Comme mentionné précédemment, Google, Meta et d’innombrables autres se lancent dans la vidéo générative – avec divers degrés de considération éthique. Les géants de la technologie modifient leurs conditions d'utilisation pour bénéficier d'un avantage en matière de données : Google entraîne son modèle vidéo Veo sur les vidéos YouTube, tandis que Meta entraîne ses modèles sur les contenus Instagram et Facebook.
Moonvalley espère séduire les marques et les maisons de création, mais certains vendeurs ont déjà fait des progrès significatifs dans ce domaine. Runway a récemment signé un accord avec Lionsgate pour former un modèle personnalisé sur le catalogue de films du studio ; Stability AI a recruté le directeur d'« Avatar » James Cameron au sein de son conseil d'administration ; et OpenAI s'est associé à des marques et à des réalisateurs indépendants pour mettre en valeur le potentiel de Sora.
Ensuite, il y a Adobe, qui s'attaque au marché cible de Moonvalley : les artistes et les créateurs de contenu qui veulent des outils vidéo génératifs « plus sûrs » (du moins d'un point de vue juridique).
Le défi de Moonvalley est triple. Il devra convaincre les clients que ses outils sont compétitifs par rapport à ce qui existe déjà. Il devra construire suffisamment de piste pour pouvoir former et servir des modèles de suivi. Et il devra s'assurer une base de clients fidèles qui ne passeront pas à un autre fournisseur à tout moment.

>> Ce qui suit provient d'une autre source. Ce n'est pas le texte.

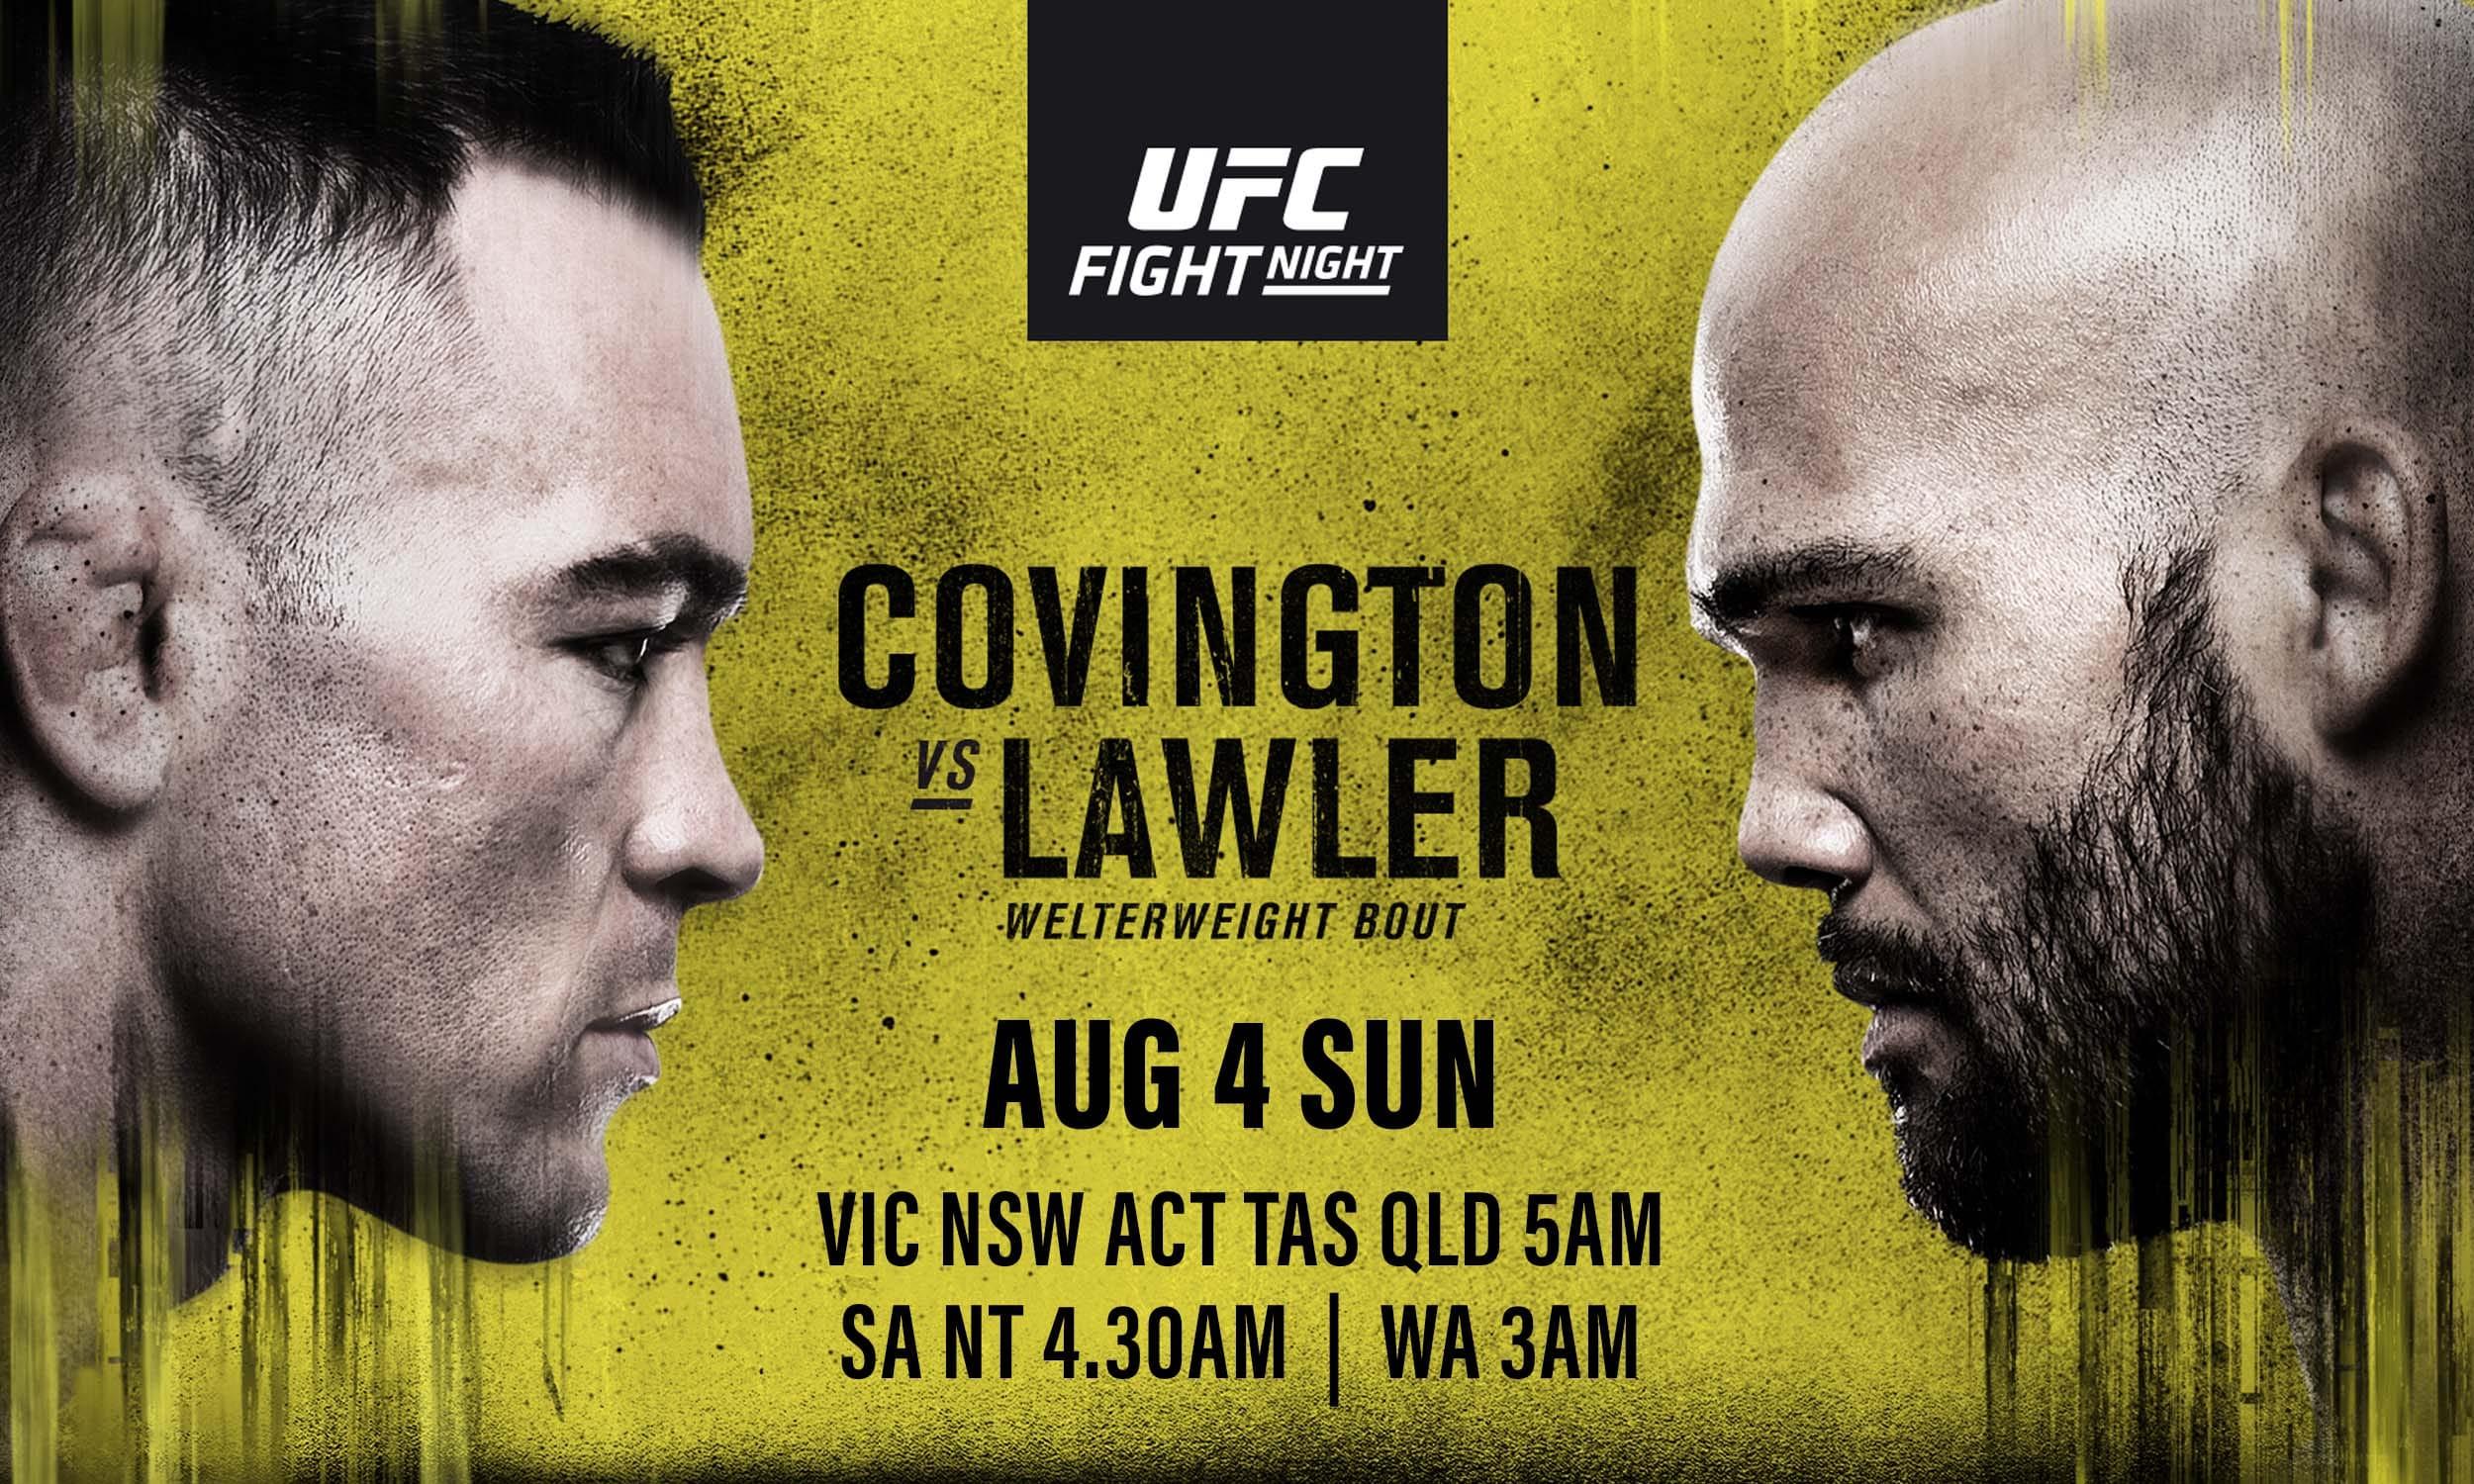 UFC Fight Night_Covington vs Lawler_Aug 4_BATP-min.jpg

De nombreux artistes et créateurs se méfient naturellement de l’IA générative, car elle menace de bouleverser l’industrie du cinéma et de la télévision. Une étude de 2024 commandée par l'Animation Guild, un syndicat représentant les animateurs et dessinateurs d'Hollywood, estime que plus de 100 000 emplois dans le cinéma, la télévision et l'animation aux États-Unis seront perturbés par l'IA d'ici 2026.
« Notre objectif est de créer des outils pour aider les créateurs à créer un contenu toujours plus grandiose et immersif », a déclaré Talukdar lorsque je l'ai interrogé sur le risque que les créatifs perdent leur emploi à cause de l'IA générative.

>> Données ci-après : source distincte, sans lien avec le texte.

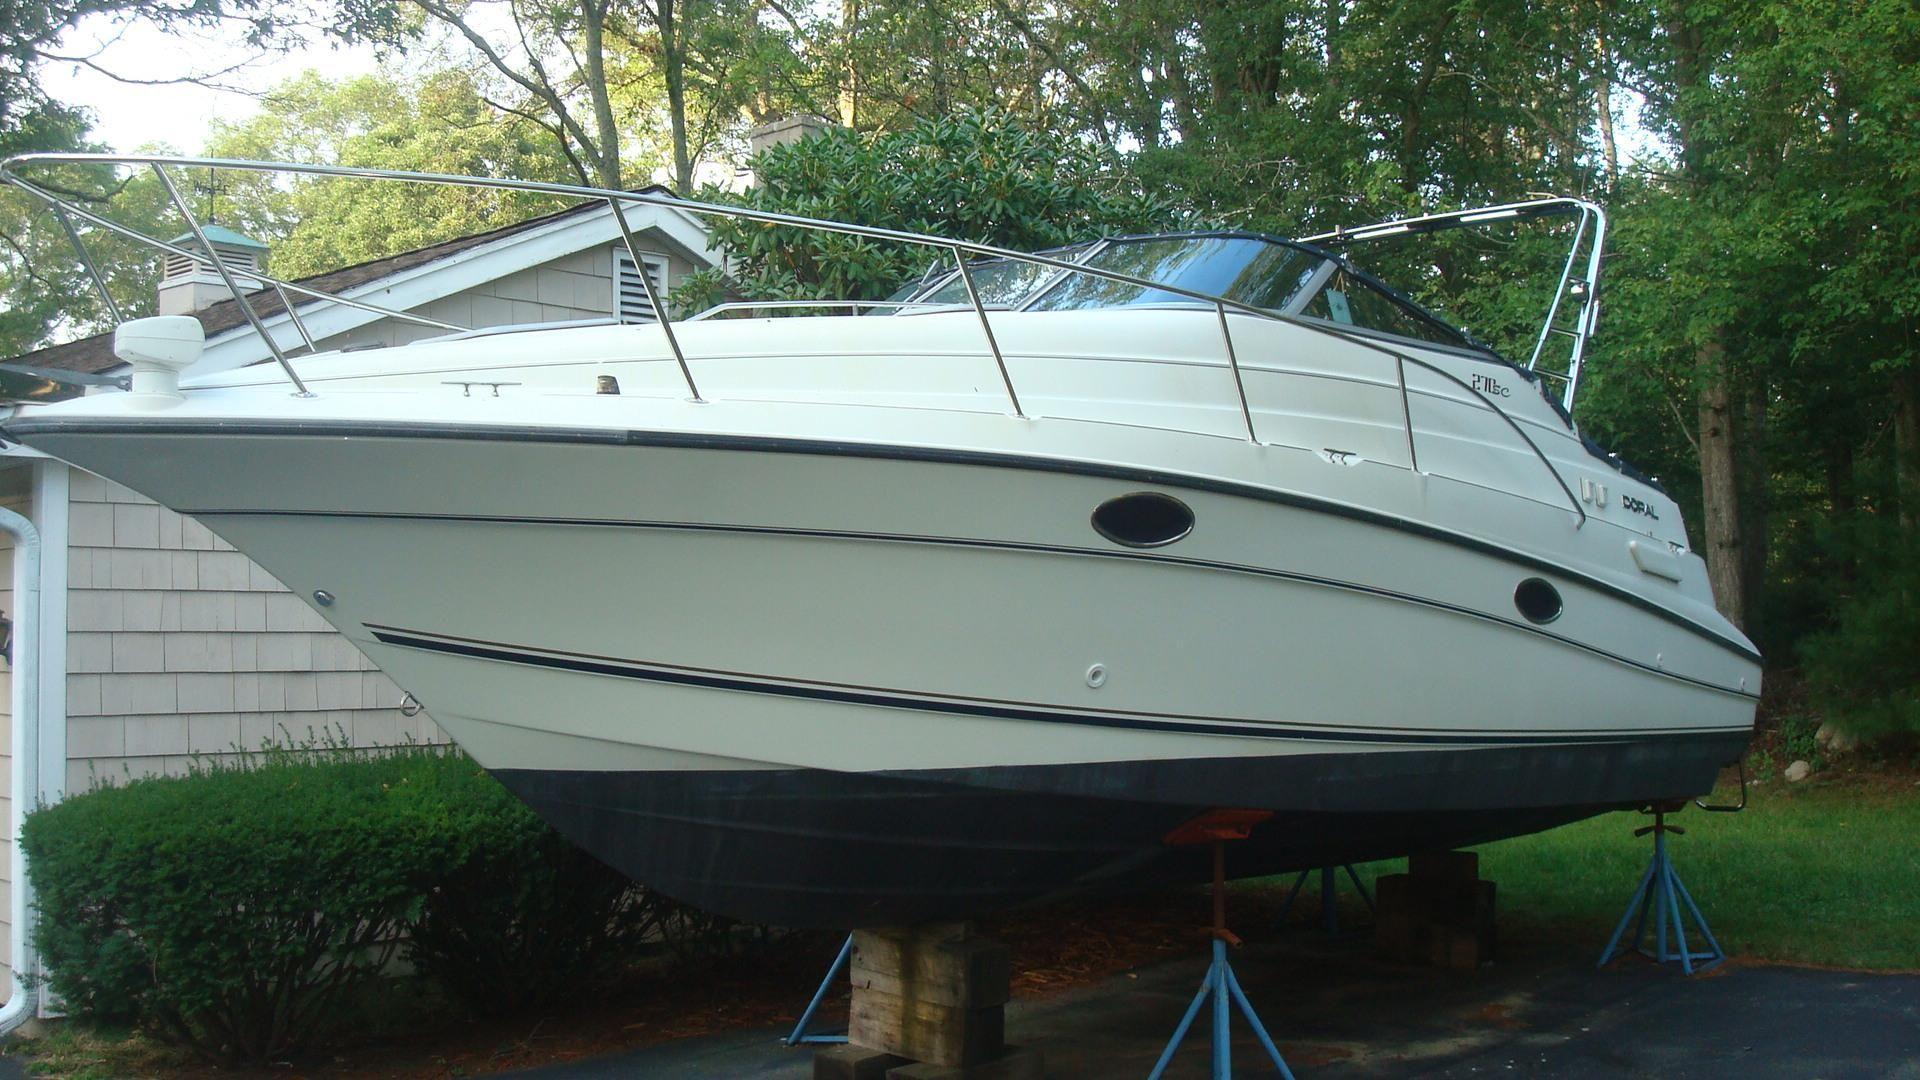 1996 doral 270 sc power boat for sale for Boat motors for sale in sc

Sur le plan des pistes, Moonvalley a fait quelques progrès : la société a récemment levé 70 millions de dollars lors d'un cycle de financement de démarrage codirigé par General Catalyst et Khosla Ventures, avec la participation de Bessemer Ventures. Cela financera la R&D et l'embauche de Moonvalley.

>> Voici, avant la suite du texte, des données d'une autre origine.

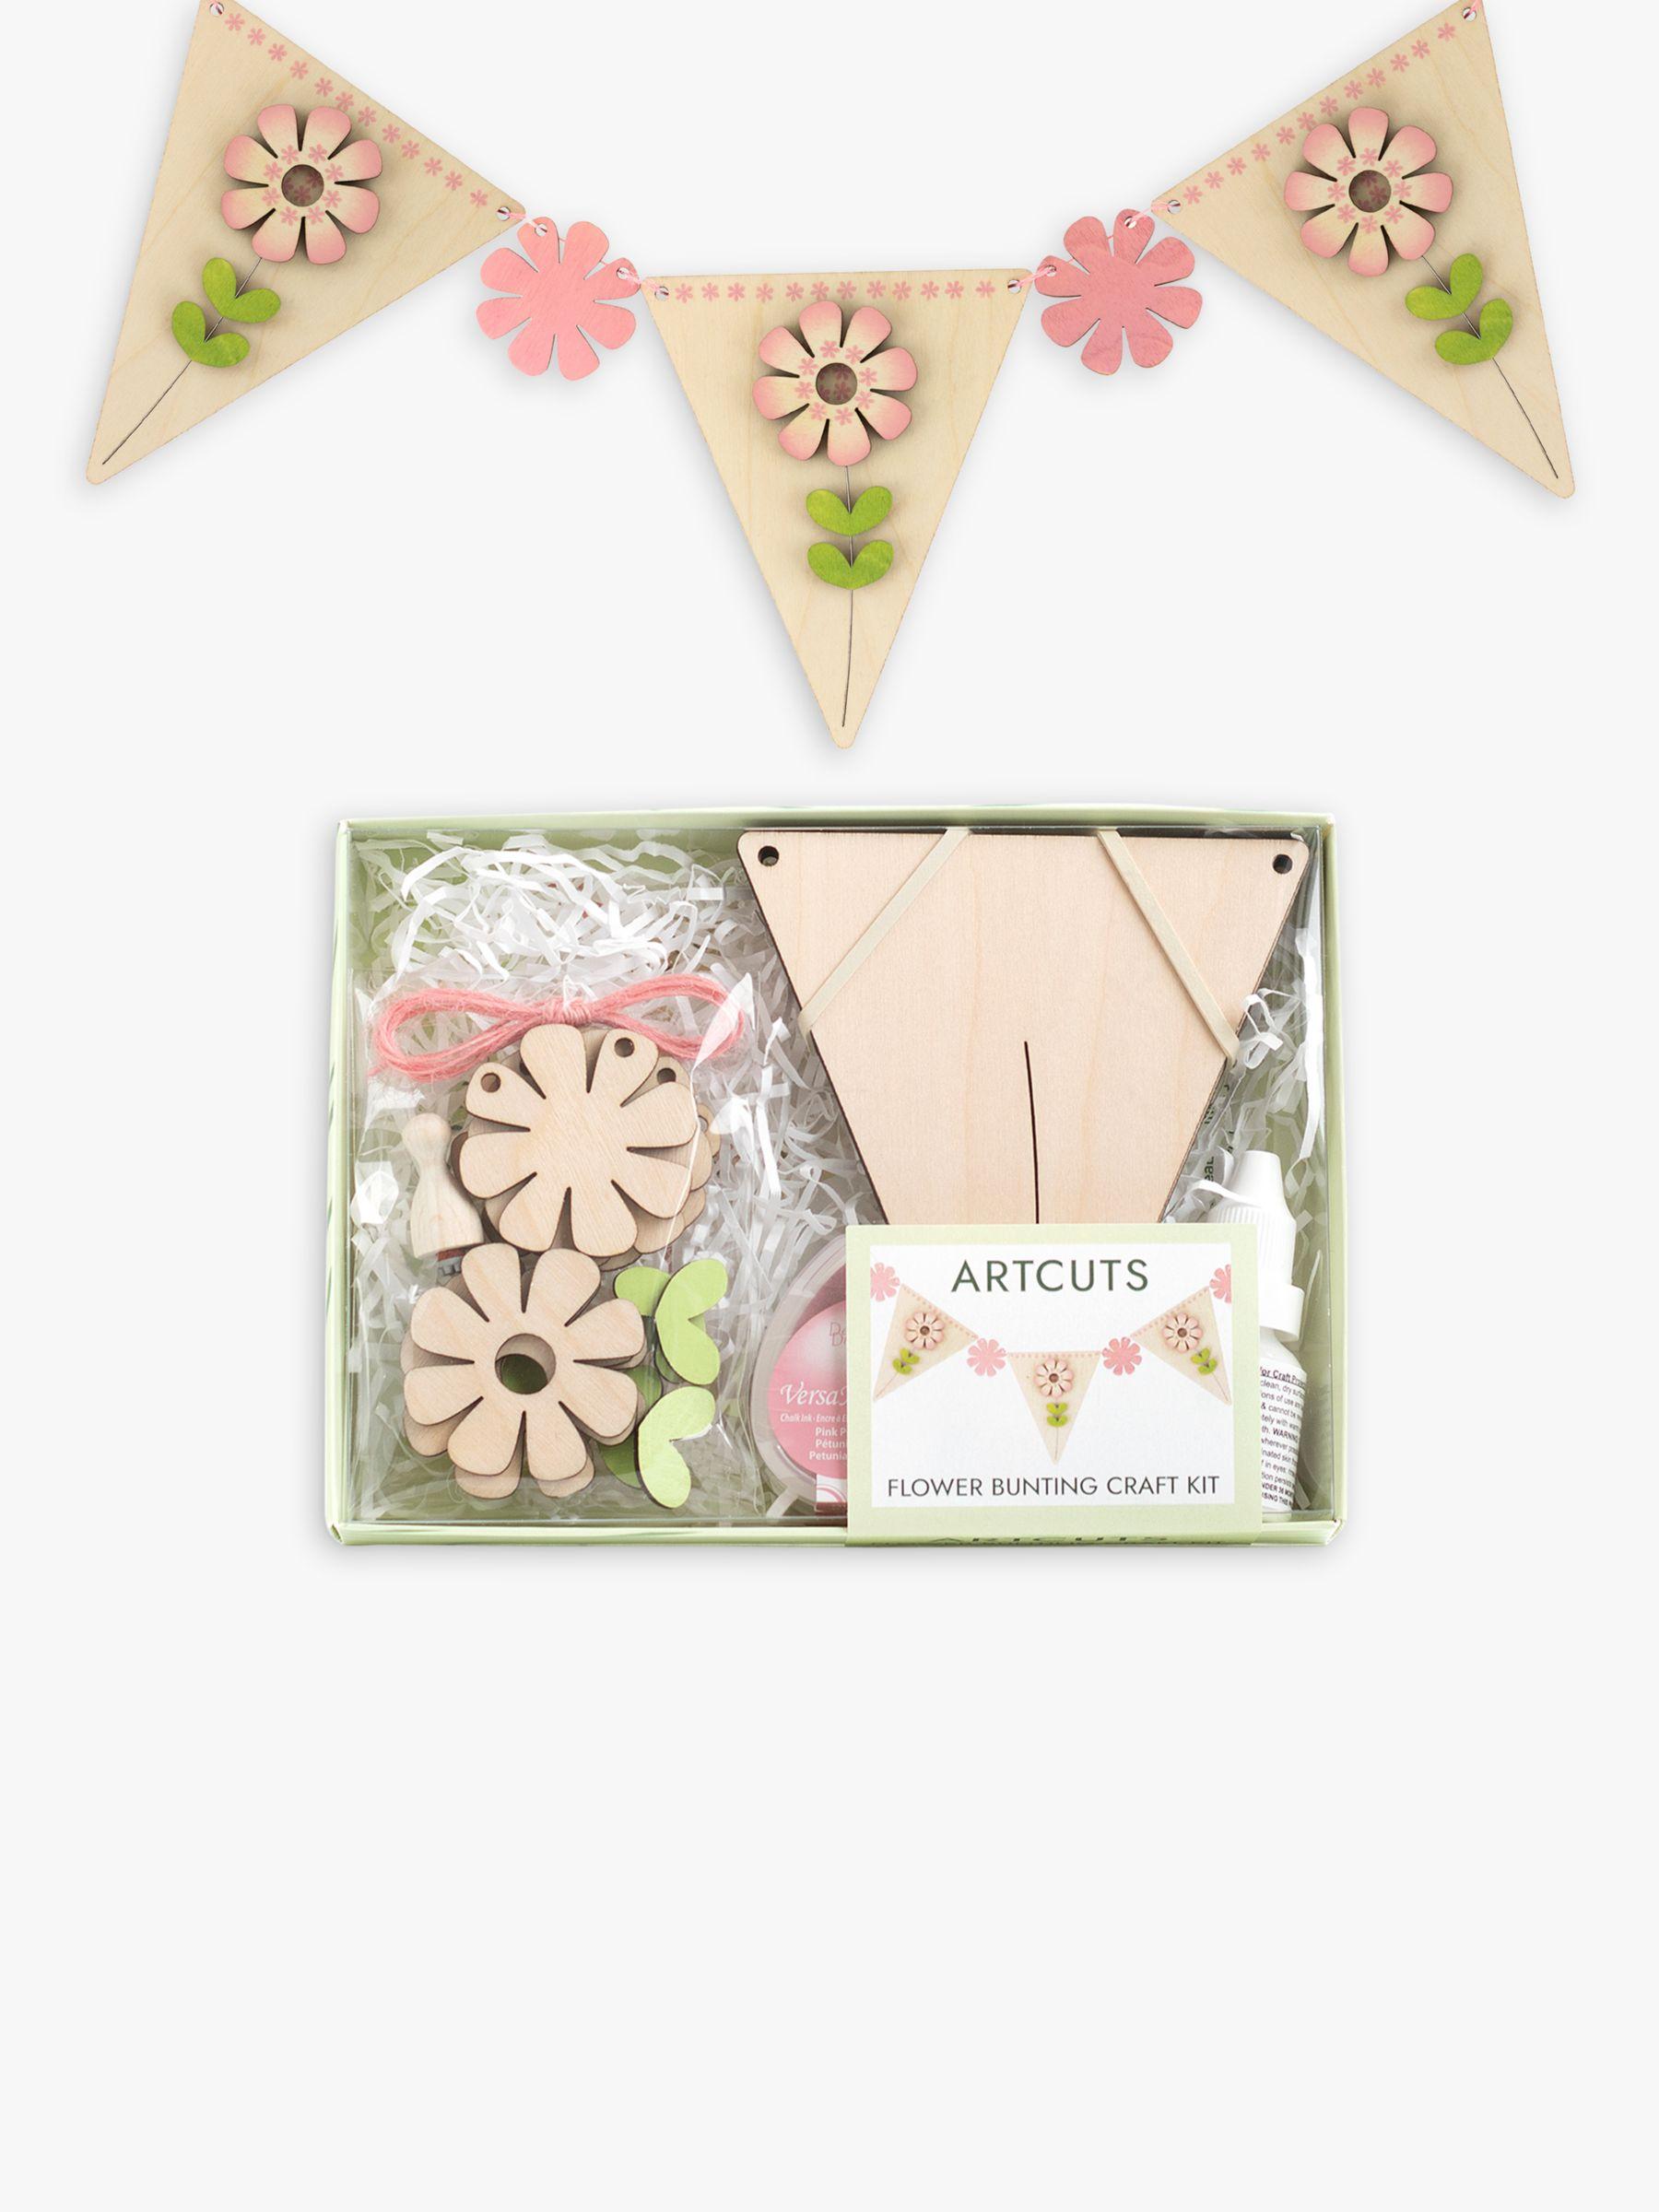 Artcuts Wooden Flower Bunting Craft Kit

Actuellement, l'entreprise compte environ 30 employés qui travaillaient auparavant chez DeepMind, Meta, Microsoft et TikTok, explique Talukdar.
« Ce qui nous différencie des autres entreprises, c'est l'accent mis sur les produits », a-t-il ajouté. « Bien que le cœur de notre entreprise soit la formation de modèles génératifs de pointe, notre objectif est de créer des outils créatifs extrêmement performants pour transformer ces modèles en équipements puissants pour les créateurs professionnels, les studios et les marques. »
Talukdar dit que son plan est de sortir le premier modèle de Moonvalley plus tard cette année. La société devra se dépêcher si elle espère battre les prochaines versions de Black Forest Labs, Luma Labs, Midjourney et l'éléphant dans la pièce.